» WHAT YOU HAVE TO DO:
Within the records below, find the line with "[Highlights] Afrobasket: Gorgui" and the line with "Самокат С 41200", then reproduce exactly those two lines and all lines between them, without any picture.

» SOURCE DATA:
###
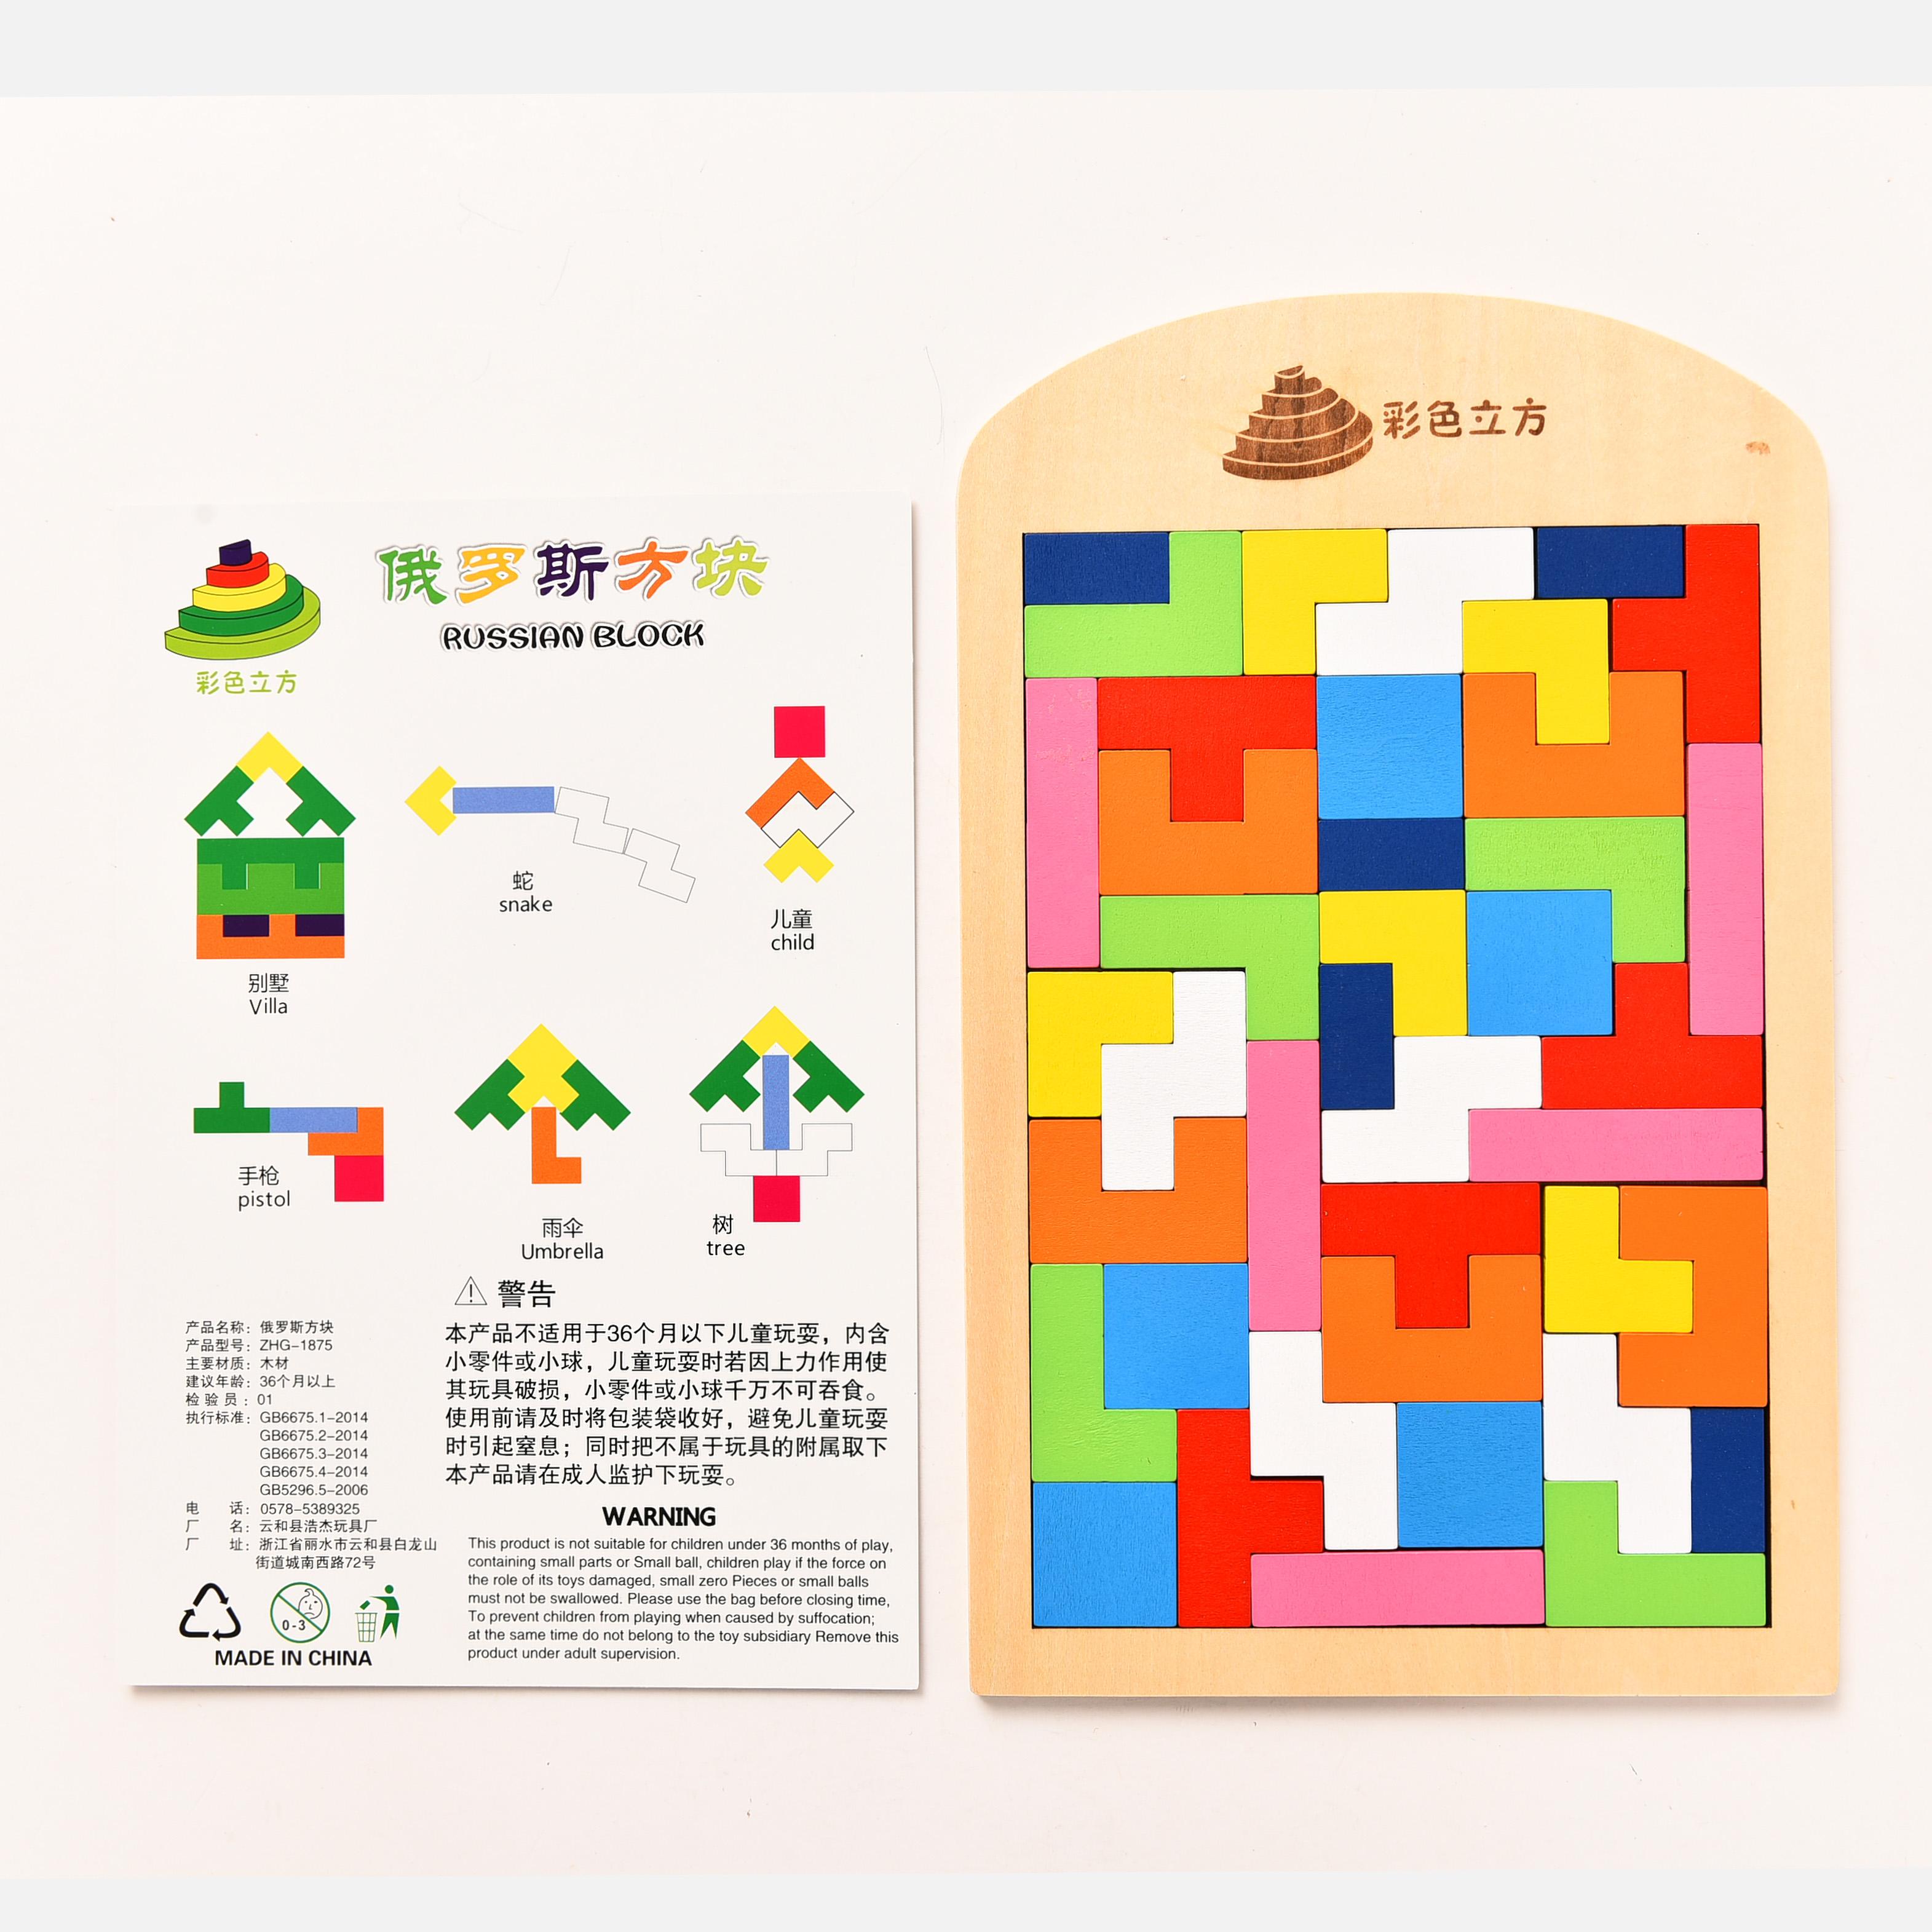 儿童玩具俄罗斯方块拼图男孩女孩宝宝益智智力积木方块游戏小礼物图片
###
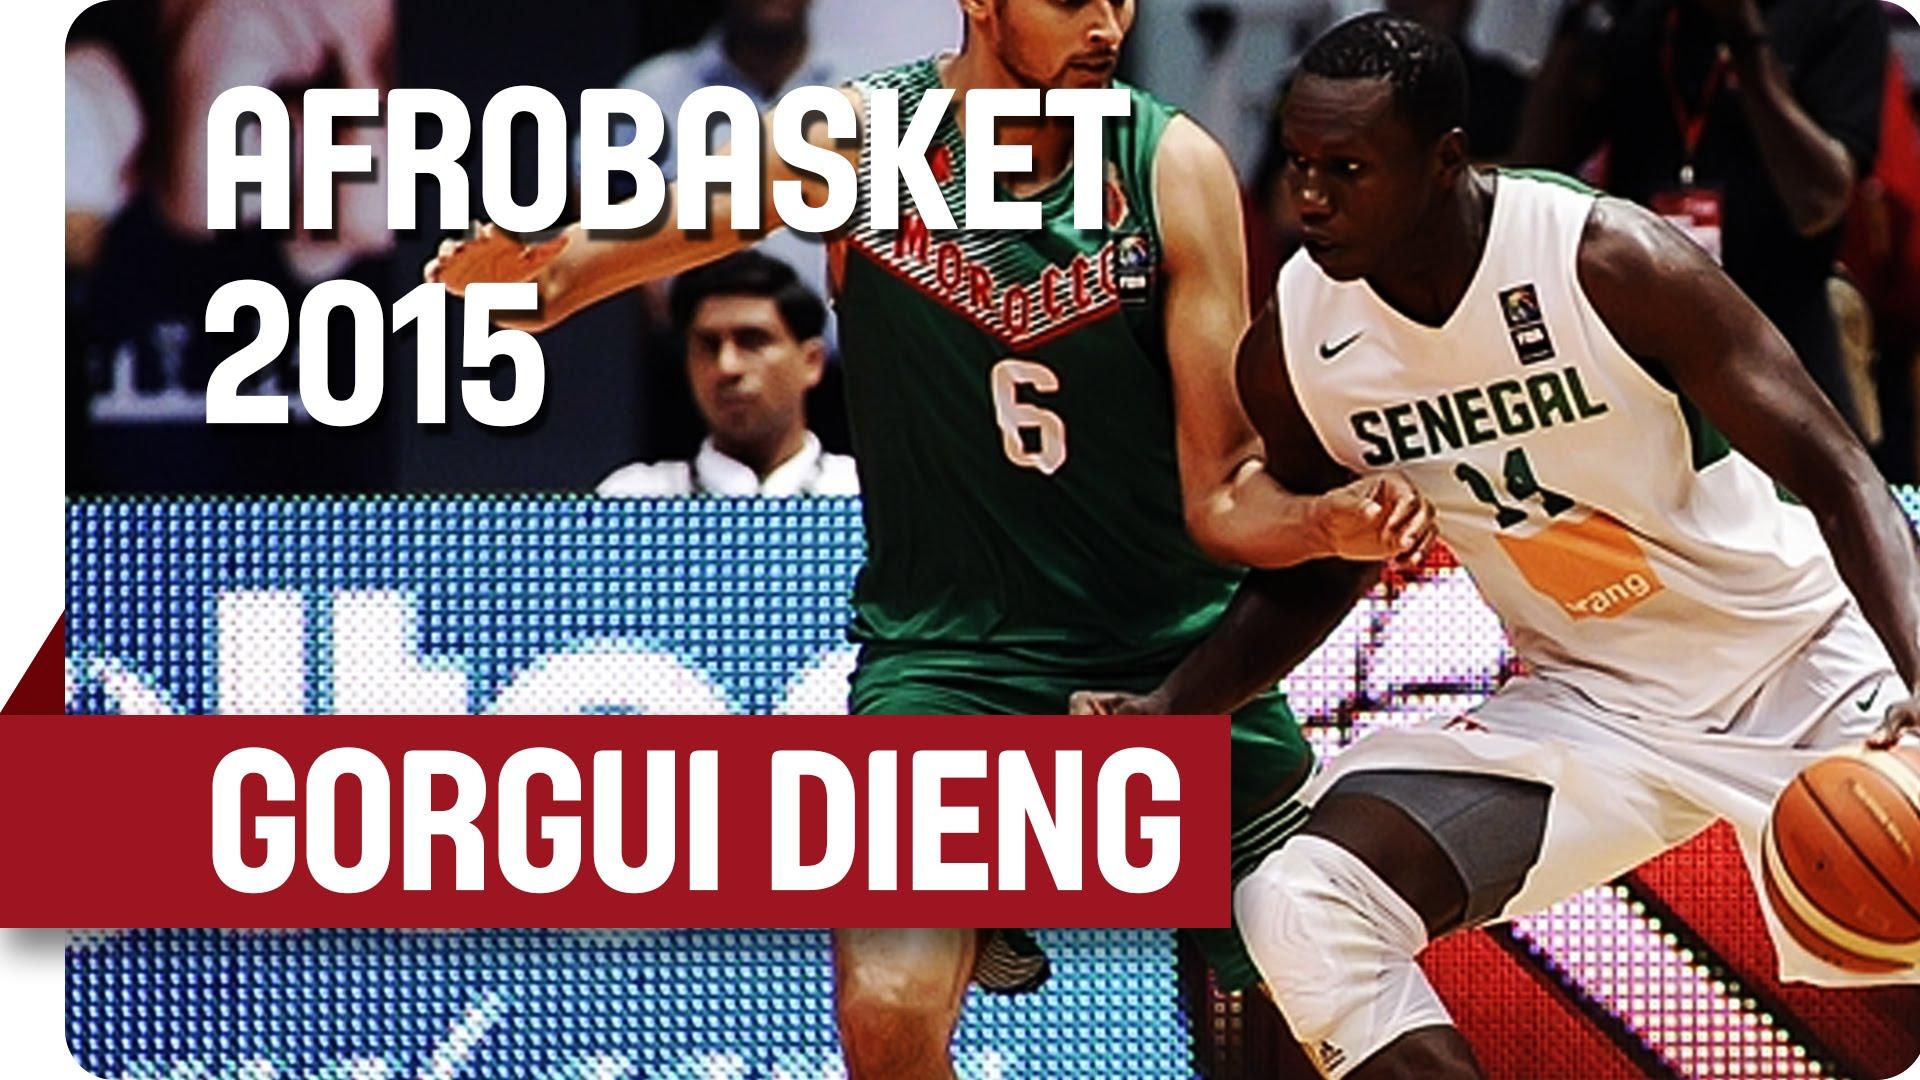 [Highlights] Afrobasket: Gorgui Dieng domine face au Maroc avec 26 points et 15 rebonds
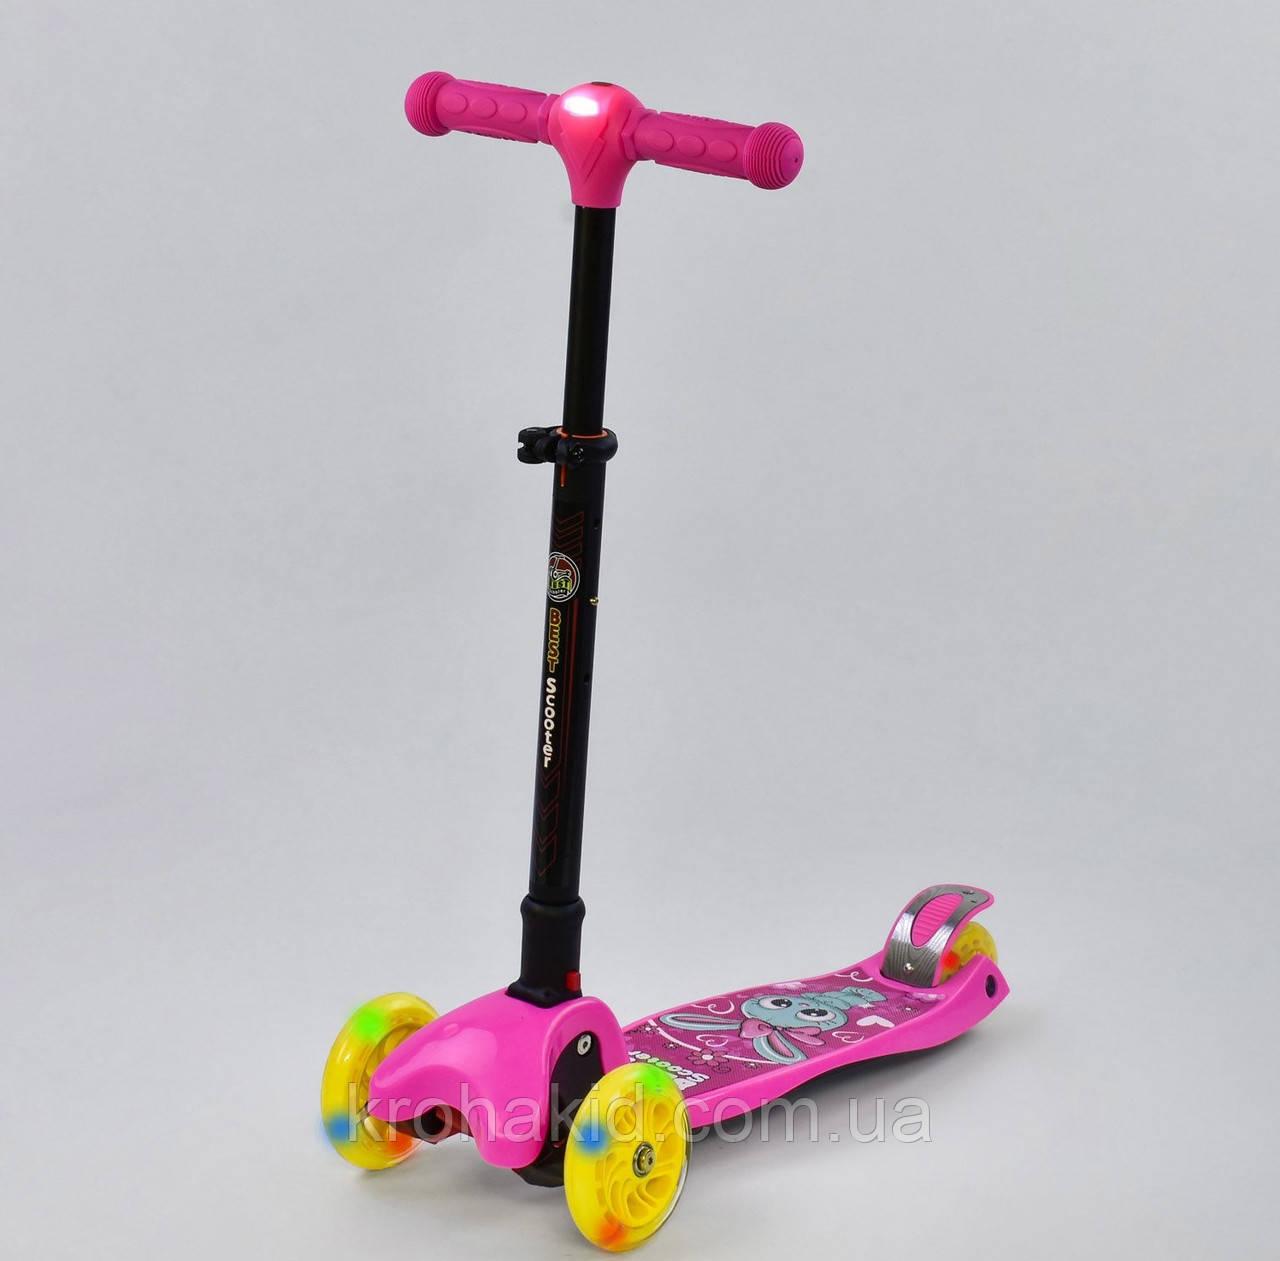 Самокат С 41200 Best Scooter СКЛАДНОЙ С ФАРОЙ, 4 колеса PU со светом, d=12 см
###
» TASK OUTPUT:
 [Highlights] Afrobasket: Gorgui Dieng domine face au Maroc avec 26 points et 15 rebonds
 Самокат С 41200 Best Scooter СКЛАДНОЙ С ФАРОЙ, 4 колеса PU со светом, d=12 см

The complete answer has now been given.